### WHAT IS REQUIRED:
Everything from the line containing "cz www.krizanovice.cz Římskokatolický" through the line containing "Imagen de portada" in the listing below should be copied exactly, and nothing more.

### GIVEN DATA:
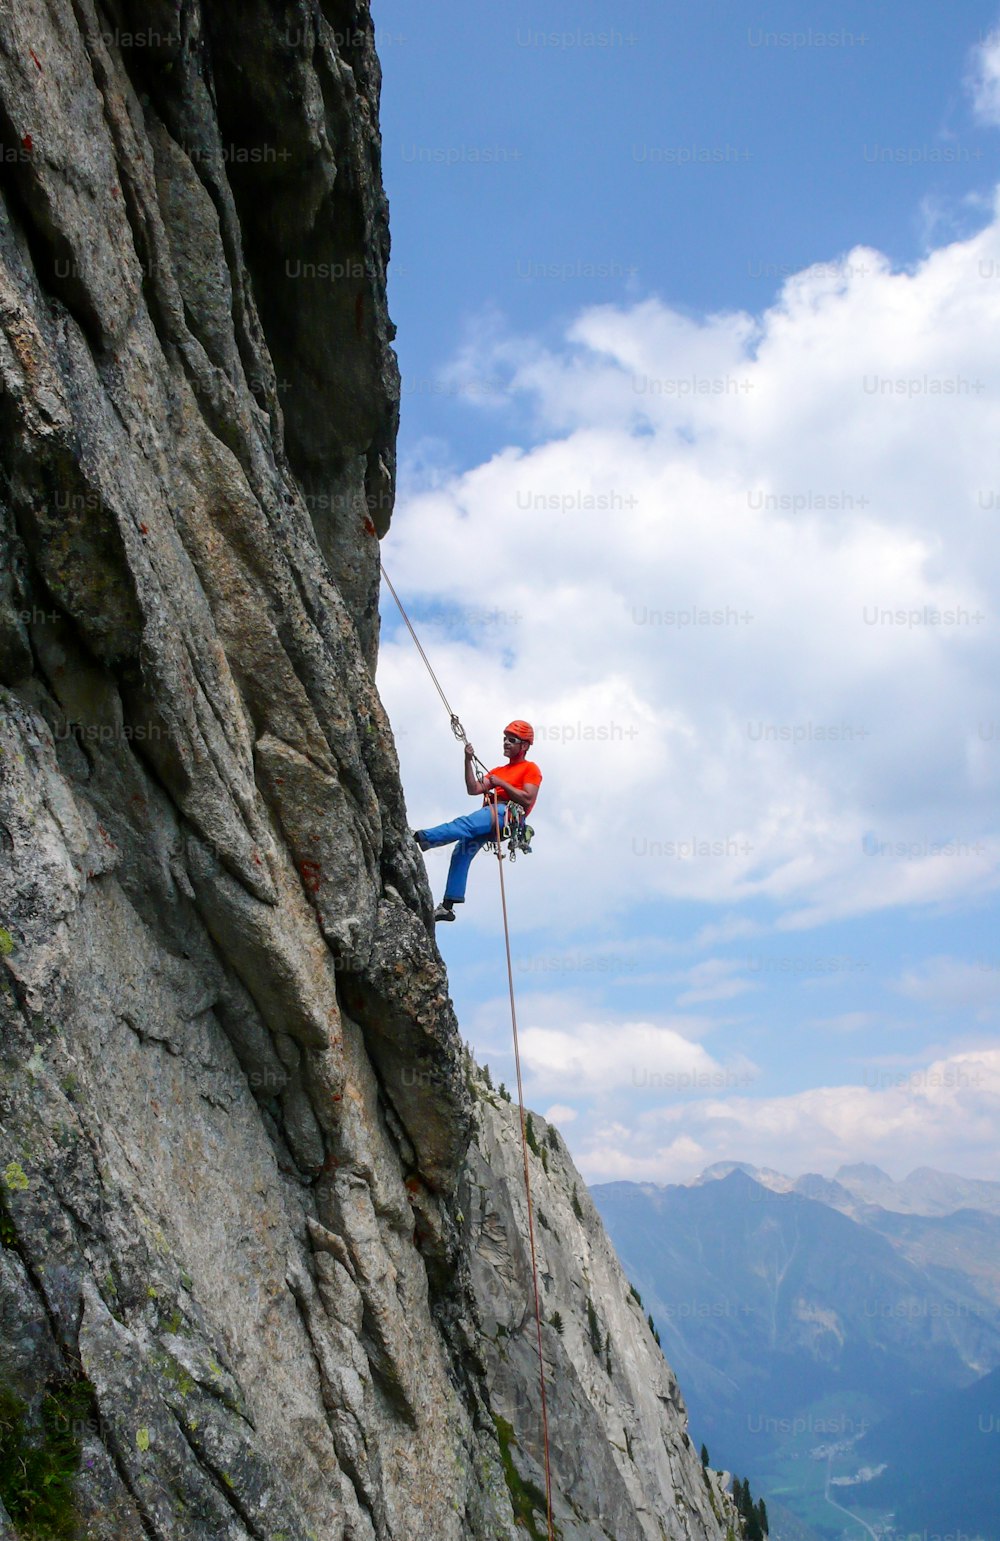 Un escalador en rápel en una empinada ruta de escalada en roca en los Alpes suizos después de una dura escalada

--

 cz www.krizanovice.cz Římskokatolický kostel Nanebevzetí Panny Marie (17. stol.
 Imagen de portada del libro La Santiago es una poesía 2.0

* * *

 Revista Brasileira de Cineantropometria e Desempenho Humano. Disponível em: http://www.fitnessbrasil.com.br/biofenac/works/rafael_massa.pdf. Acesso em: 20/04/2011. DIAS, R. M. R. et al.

### WRITTEN ANSWER:
 cz www.krizanovice.cz Římskokatolický kostel Nanebevzetí Panny Marie (17. stol.
 Imagen de portada del libro La Santiago es una poesía 2.0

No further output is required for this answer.